Nein. Zwar wird oft paarweise getanzt, aber viele Clubs vermitteln Partner vor Ort oder wechseln während des Abends die Konstellationen. Auch Einzelpersonen sind in der Regel willkommen.
Ist Square Dance schwer?
Anfänger lernen zunächst das sogenannte Mainstream-Programm, das weltweit standardisiert ist. Es umfasst rund 70 Grundfiguren. Mit etwas Übung können diese Figuren dann spontan auf die Ansagen des Callers umgesetzt werden.
Squaredance lernen …
… kann man in einer „Class“, welche bei entsprechender Nachfrage von den Squaredance-Klubs veranstaltet wird. Unser Klub startet am 17. Oktober 2025 wieder eine neue Class für Anfänger (Anfrage). Voraussetzungen sind lediglich Spaß an der Musik, etwas Bewegungswille und ein gewisses Reaktionsvermögen und dass man rechts und links unterscheiden kann. Man muss kein sonderlich guter (Standard-)Tänzer sein, es reicht, wenn man im Takt laufen kann. Altersbegrenzungen gibt es nicht. Na ja, fast nicht. Aus praktischen Gründen sollten Kinder wenigstens ca. 1,45 m groß sein, um mit Erwachsenen besser tanzen zu können. Auch wenn im Square vierpaarweise getanzt wird, besteht kein Zwang, paarweise zu erscheinen. Einzelpersonen sind gleichermaßen willkommen wie Familien, denn es finden sich eigentlich immer Mittänzer.

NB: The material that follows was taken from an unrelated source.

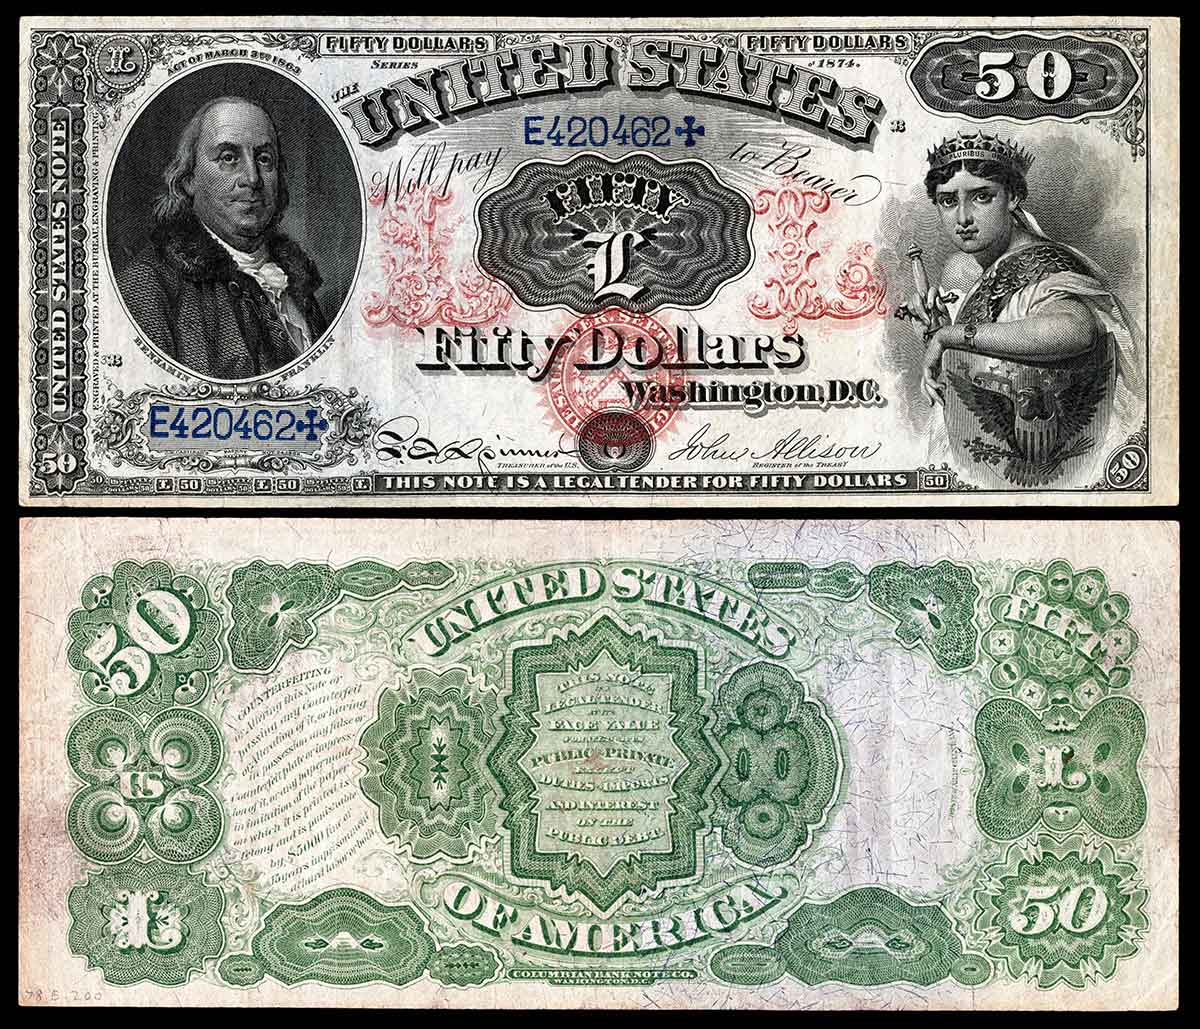 A Brief Introduction to the Many Types of U.S. Banknotes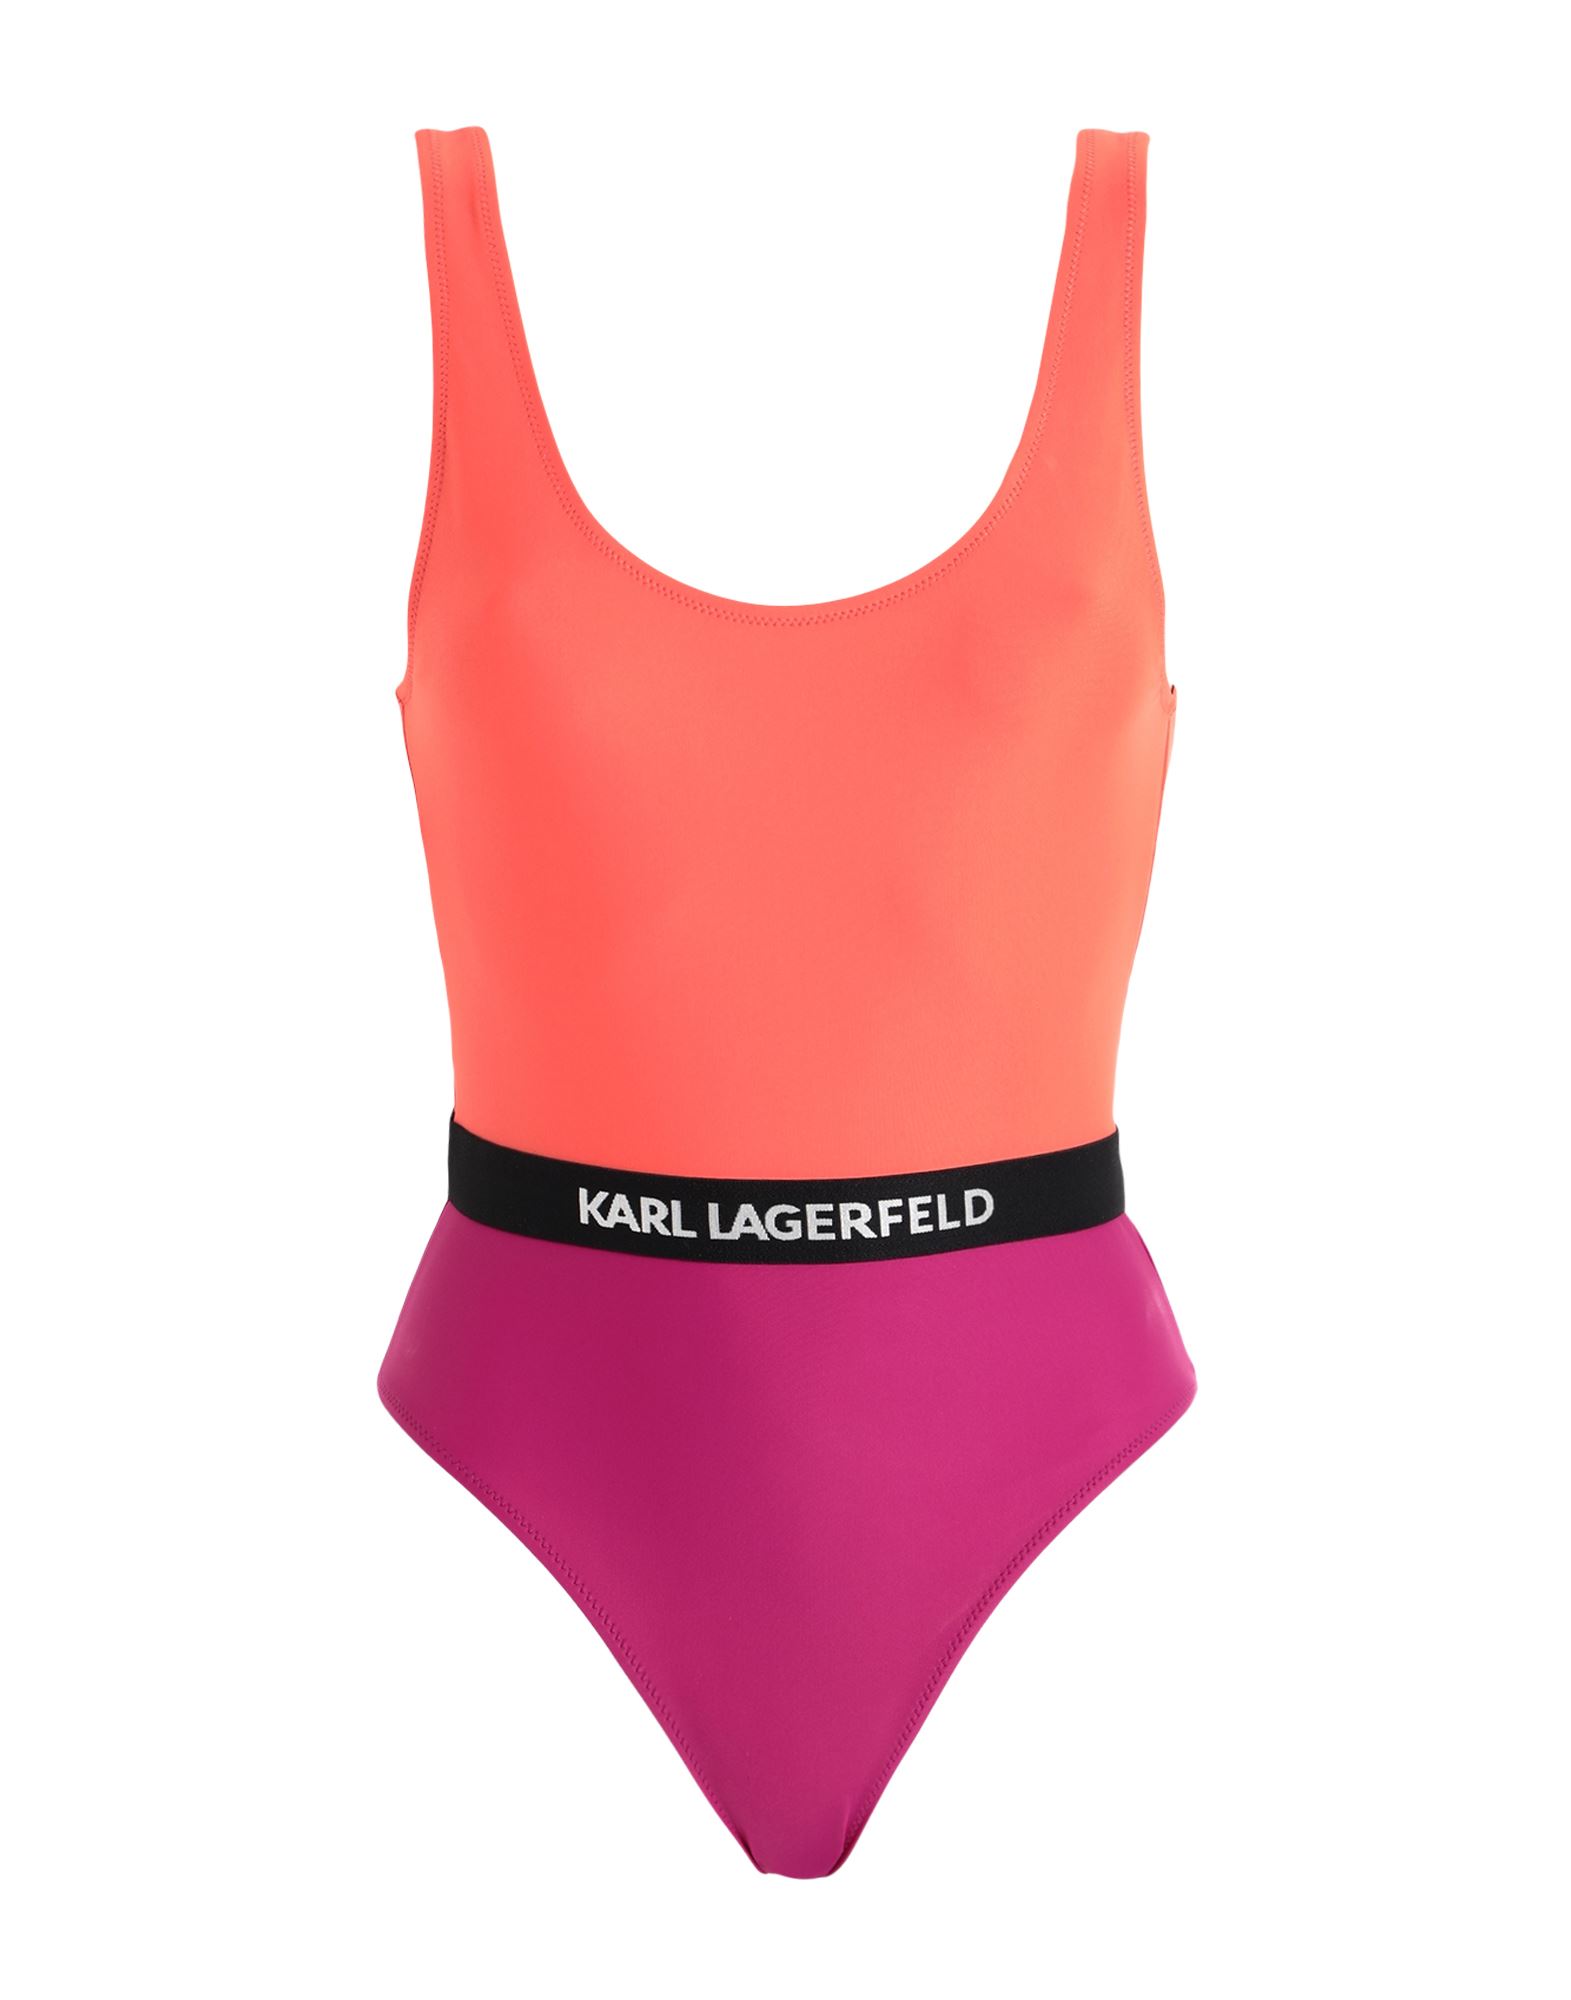 Karl Lagerfeld Colour Block Swimsuit Woman One-piece Swimsuit Orange Size L Recycled Polyamide, Elas

Englisch ist zwar die Sprache des Squaredance, muss aber nicht beherrscht werden. Das wenige Squaredance-Englisch ist Bestandteil der ¾-jährigen Class. Feierlicher Abschluss einer Class ist die Graduation.
Kleidung
Die traditionelle Kleidung mit Petticoats, Westernhemden und Cowboyhüten ist zwar bekannt, aber heute in vielen Vereinen keine Pflicht. Besonders bei Übungsabenden reicht oft bequeme Freizeitkleidung und festes Schuhwerk.
Warum ist Square Dance beliebt?
- Förderung von Konzentration und Reaktionsvermögen
- Bewegung ohne Leistungsdruck
- Starker sozialer Aspekt – man tanzt ständig mit anderen Menschen
- Internationale Gemeinschaft: Die Figuren sind weltweit standardisiert, sodass man praktisch überall auf der Welt mittanzen kann.
In Deutschland gibt es mehrere hundert Square-Dance-Clubs.